Charlottesville’s Breakers dial back the artier tendencies of In Search of An Exit, the band’s 2017 full-length, and knock out a dozen stompers reminiscent of a certain New York band from those halcyon “new garage” days. Rewrite, indeed—an alternate title coulda been Is This It, Again. Main Breaker Lucas Brown’s voice trades a bit of Julian Casablancas’ untouchable cool for some depth and power, and he shares the Strokes frontman’s melodic gifts.

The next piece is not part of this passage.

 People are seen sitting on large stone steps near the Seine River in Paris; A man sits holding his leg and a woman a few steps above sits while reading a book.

The album has modern rock sonic muscle to spare, and Breakers is a formidable unit, as locals can find out when the band plays the Southern on November 8.

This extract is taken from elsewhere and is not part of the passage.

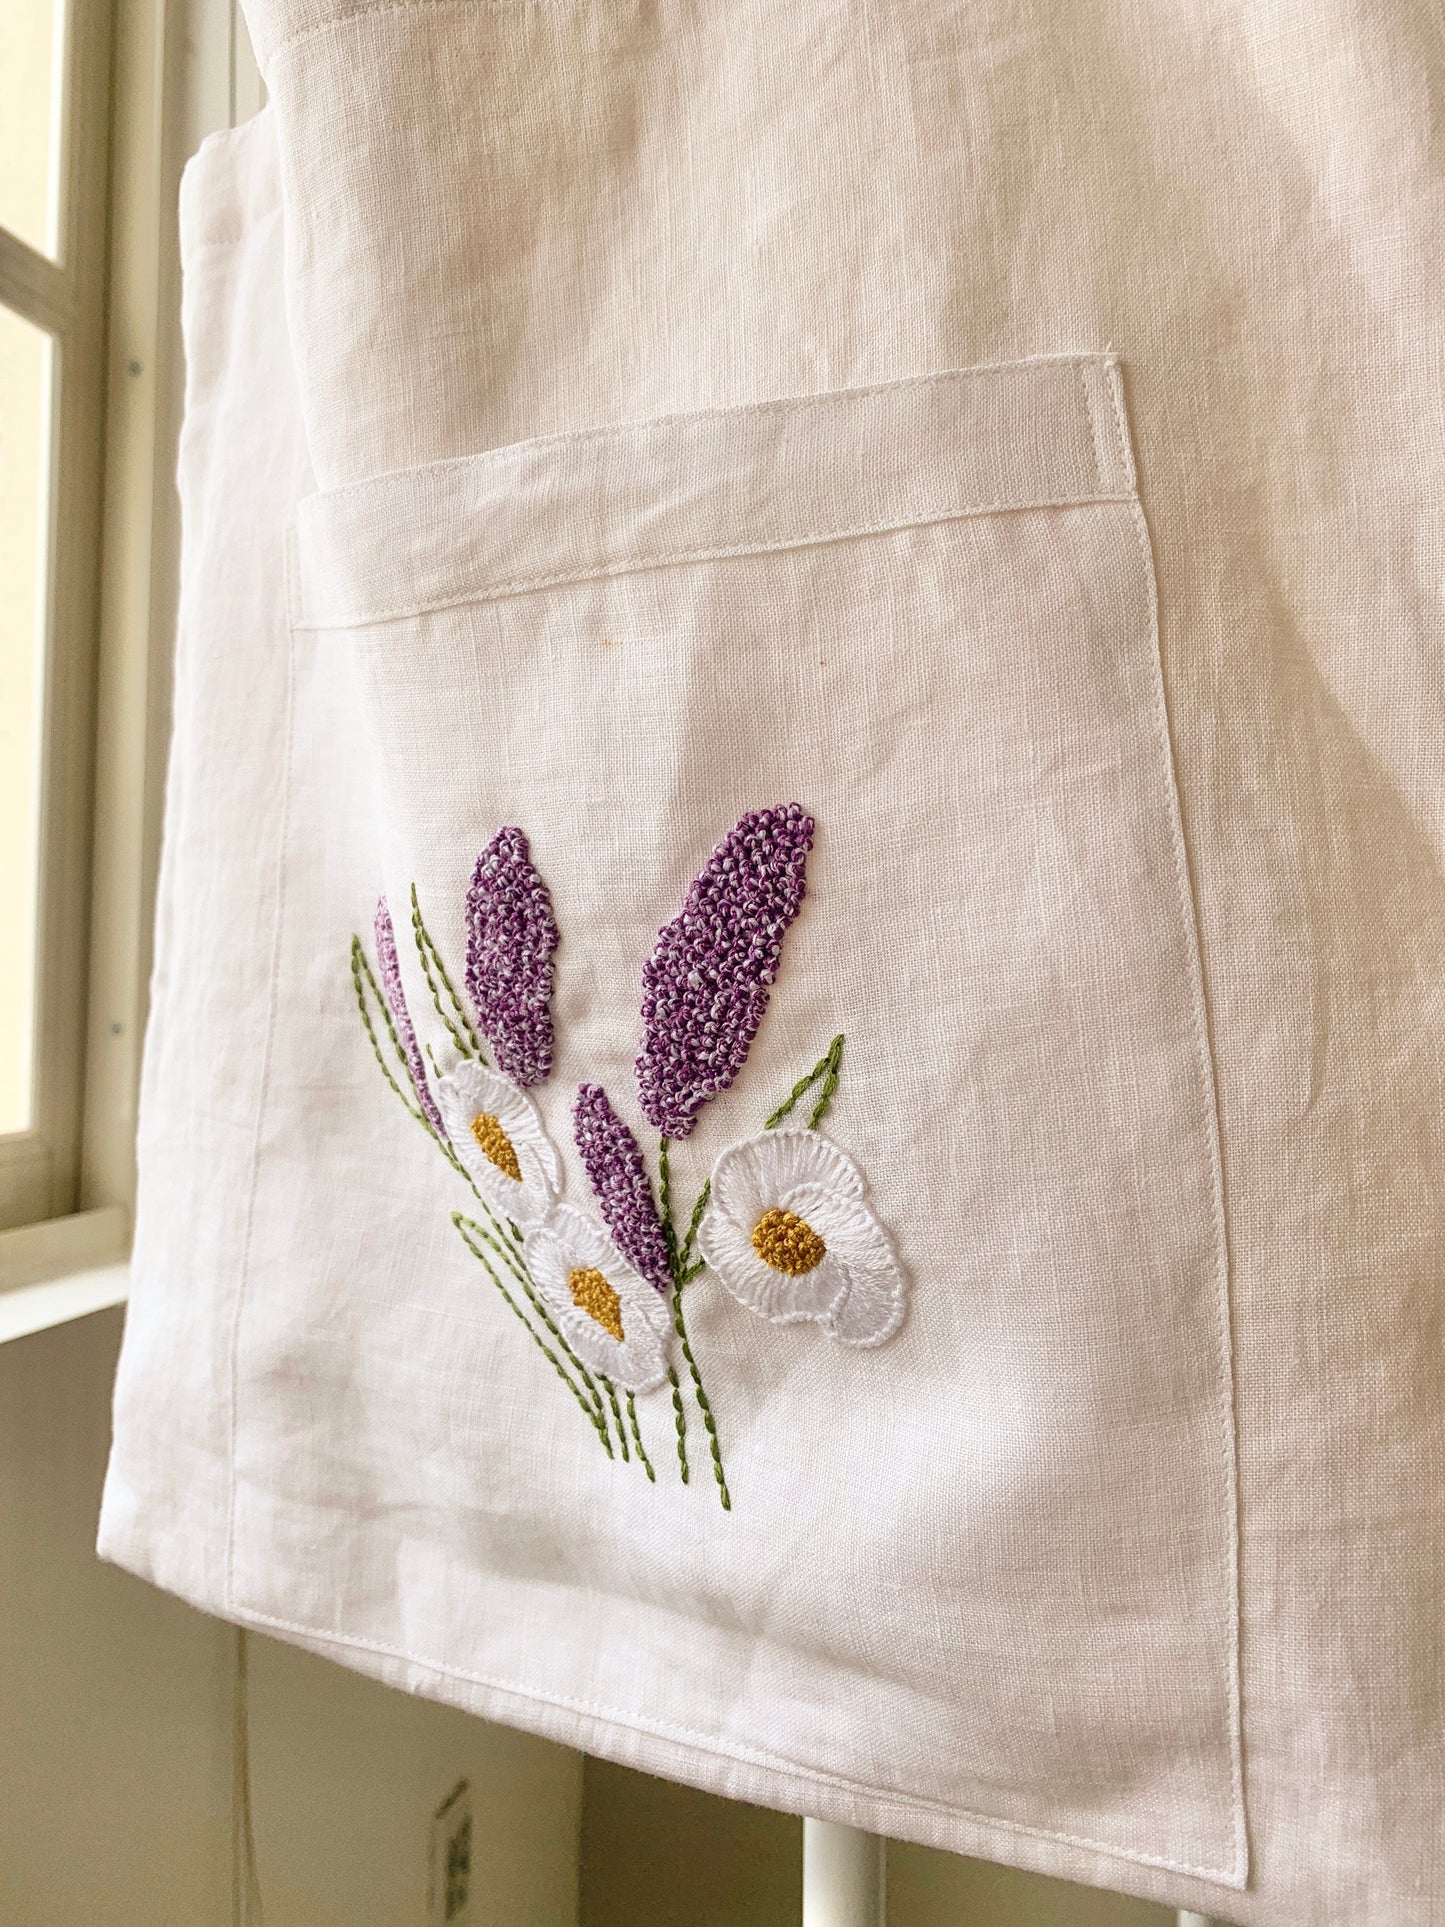 Hand embroidery linen canvas tote bag, Rose embroidery – CHURI

https://breakerslab.bandcamp.com/album/rewrite

The Struts

Young & Dangerous (Interscope)

Another throwback comes from Derbyshire, England, and it is odious. If your band is called The Struts and your album is called Young & Dangerous, you better be transcendent (see the Stones) or hilarious (see the Darkness), but what we’ve got here is a soul-killing paint-by-numbers pastiche of “real rock”—the sort already barfed up by revolting posers (see Jet).

https://consequenceofsound.net/2018/09/the-struts-young-and-dangerous-new-album/

Bad Moves

Tell No One (Don Giovanni)

Descriptions of D.C.’s Bad Moves scan like insults, but in their case it’s all in the caveats. Yup, Bad Moves’ power pop edges towards pop punk, but it’s stripped-down and devoid of whining. And while Tell No One is relentlessly positive, full of up-with-people-sounding broadsides, it avoids facile sloganeering and mawkishness. Two guitars, bass, and drums kick out tight jams, and all four members sing, often at the same time, to adorable, sometimes exhilarating effect. If it sounds like Bad Moves would make great cartoon characters, well, they already have, making a cameo on Cartoon Network’s “Craig From the Creek” as a neighborhood garage band triumphing over grumpy-neighbor adversity. Kinda perfect.